Friday, August 05, 2011

10 guys I wouldn't date (especially if they were real)

1) Capt. Jack Sparrow from Pirates of the Caribbean
Because no matter how well he works the grungy pirate-chic look, I still prefer a man who's acquainted with toothpaste. And soap.



2) Johnny English
Because he's just Mr. Bean in a black suit who's been  allowed near the guns and bombs.


3) Raji from Be Cool
Well, because Vince Vaughn is just A-N-N-O-Y-I-N-G, and any character he plays is just that too, multiplied by 5.
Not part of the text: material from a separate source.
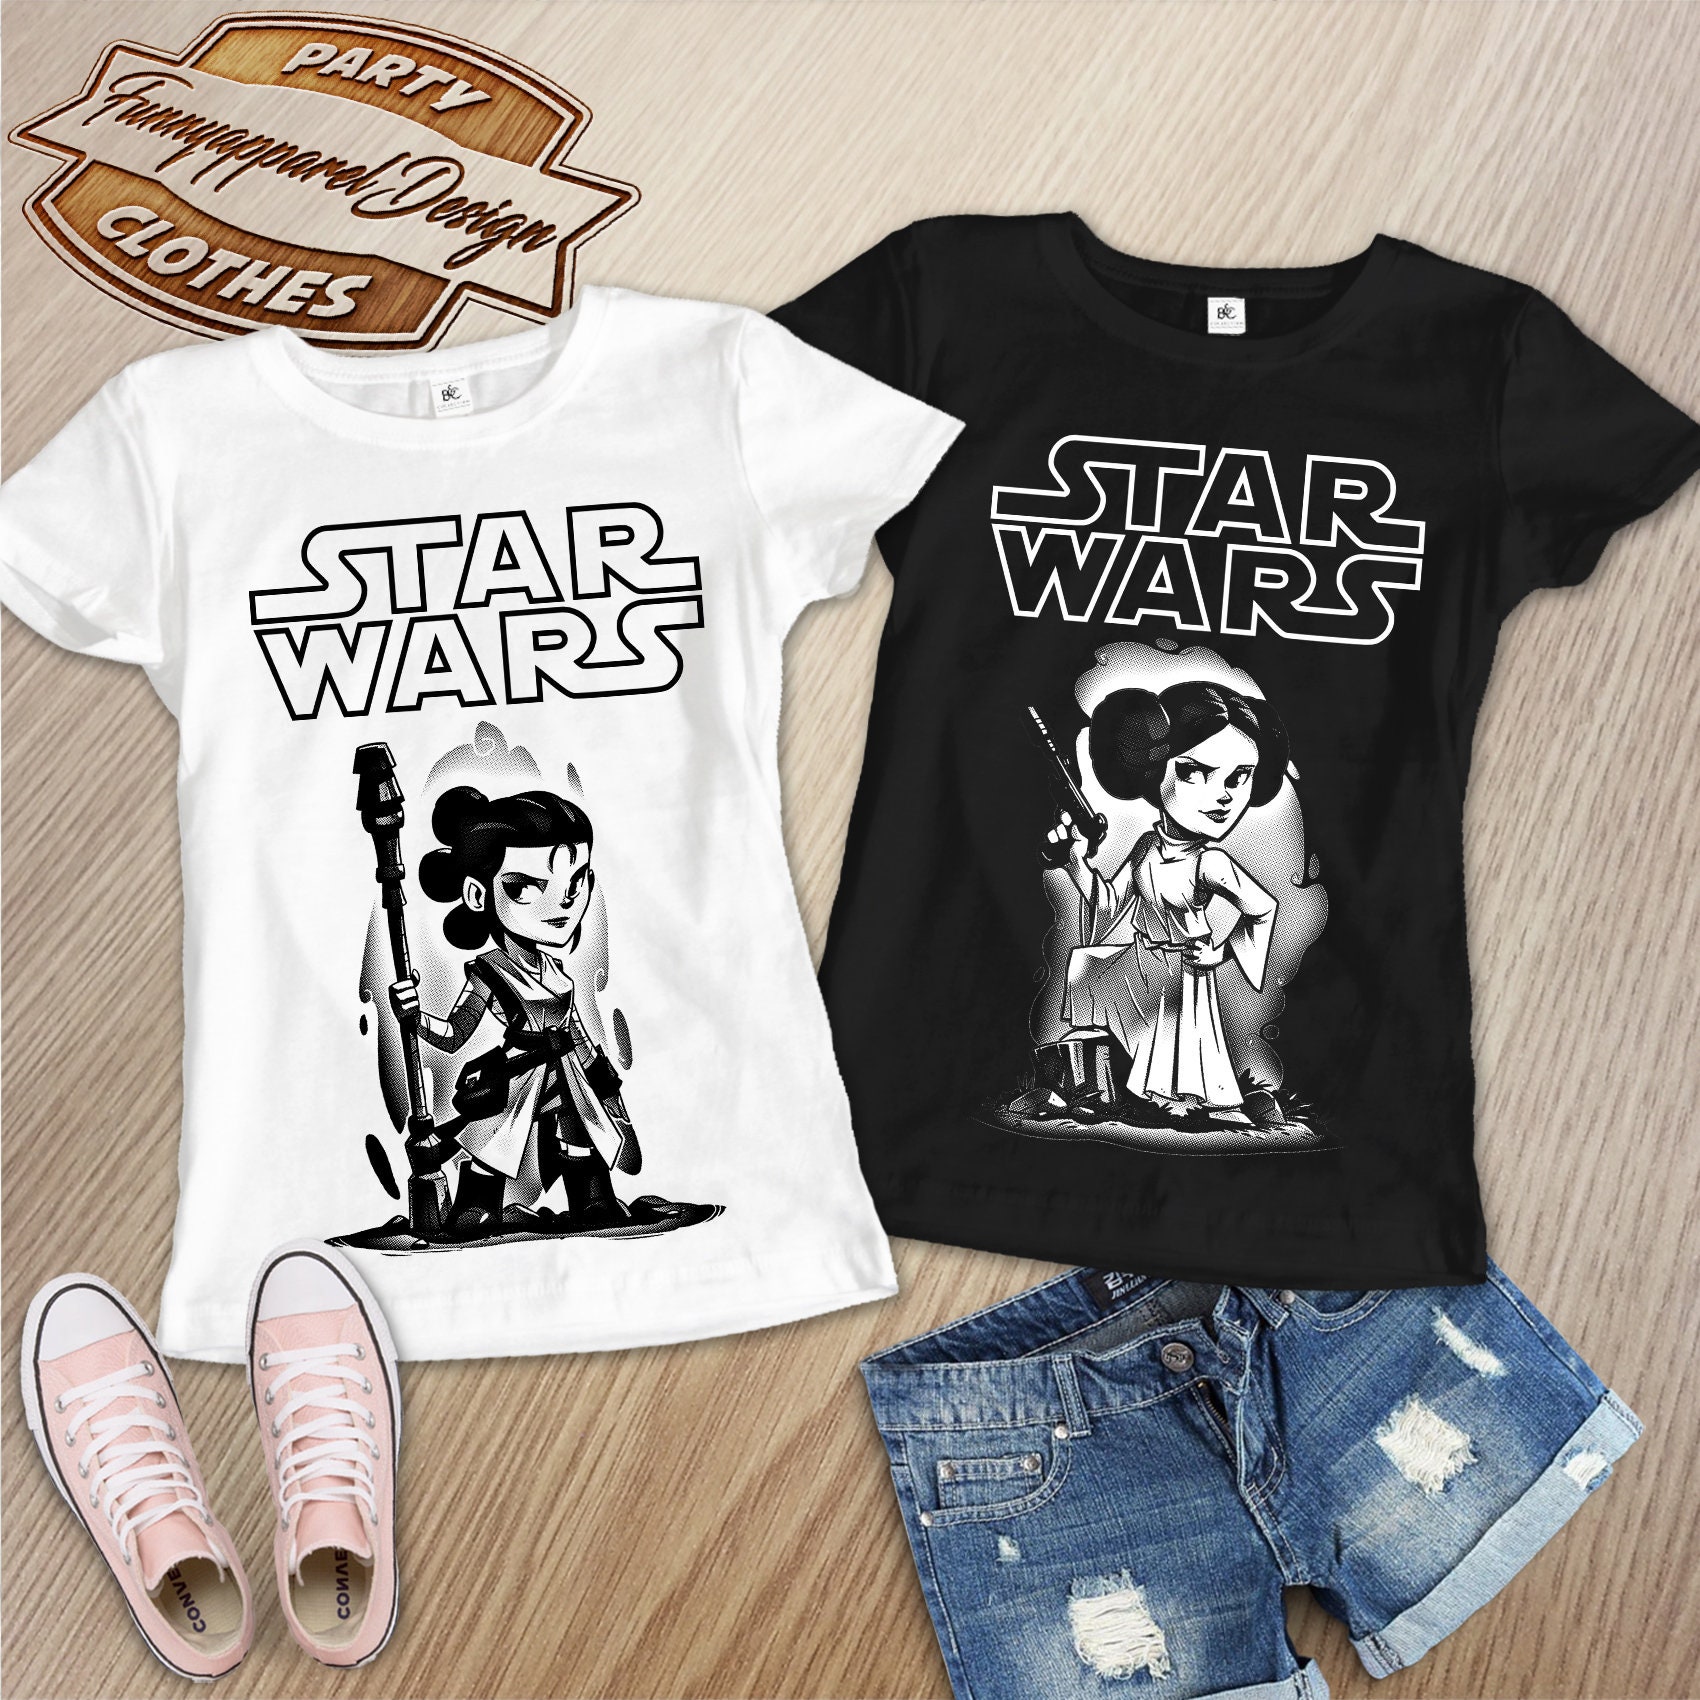 Star Wars Shirts Star Wars Matching Shirt Star Wars Vacation | Etsy

4) The Grinch from The Grinch who stole Christmas
Because he stole Christmas! Bad, bad Grinch!


5) Edward Scissorhands
Because looking at him reminds me of a conversation between two characters in the teen horror-flick 'Jennifer's Body'--

Mom: Did you hear what Colin Gray looked like when they found him?

Chip: Lasagna with teeth?


6) Santa Claus
Because, honestly, would you trust him around those helpers?


7) Bruno
Transcript of a conversation between Bruno and diplomats of Israel and Palestine where he tries to make them 'get along'--

"Will you, the Palestinians,agree to give the pyramids back to the Israelis?
"This is in Egypt. Not in Palestine."

"I don't care where you put them.Give them back."

I rest my case.


8) The Thing from The Fantastic Four
Because when you're named 'The Thing', you'd better be packing some serious mojo. And a monster made out of rock-clumps is just not doing it for me, you know?


9) Truman Burbank from The Truman Show
Because who wants to be with a guy who doesn't have a grip on reality?

10) Spike from Notting Hill
Because the t-shirt says it all.

However, the guys I would go out with, are either ---

1) Transvestite
Dr. Frank-N-Furter from The Rocky Horror Picture Show

2) Gay (and far too young)

Kurt Hummel from Glee
3) Or dead--
Edward Bloom from Big Fish
Alas, there is no hope!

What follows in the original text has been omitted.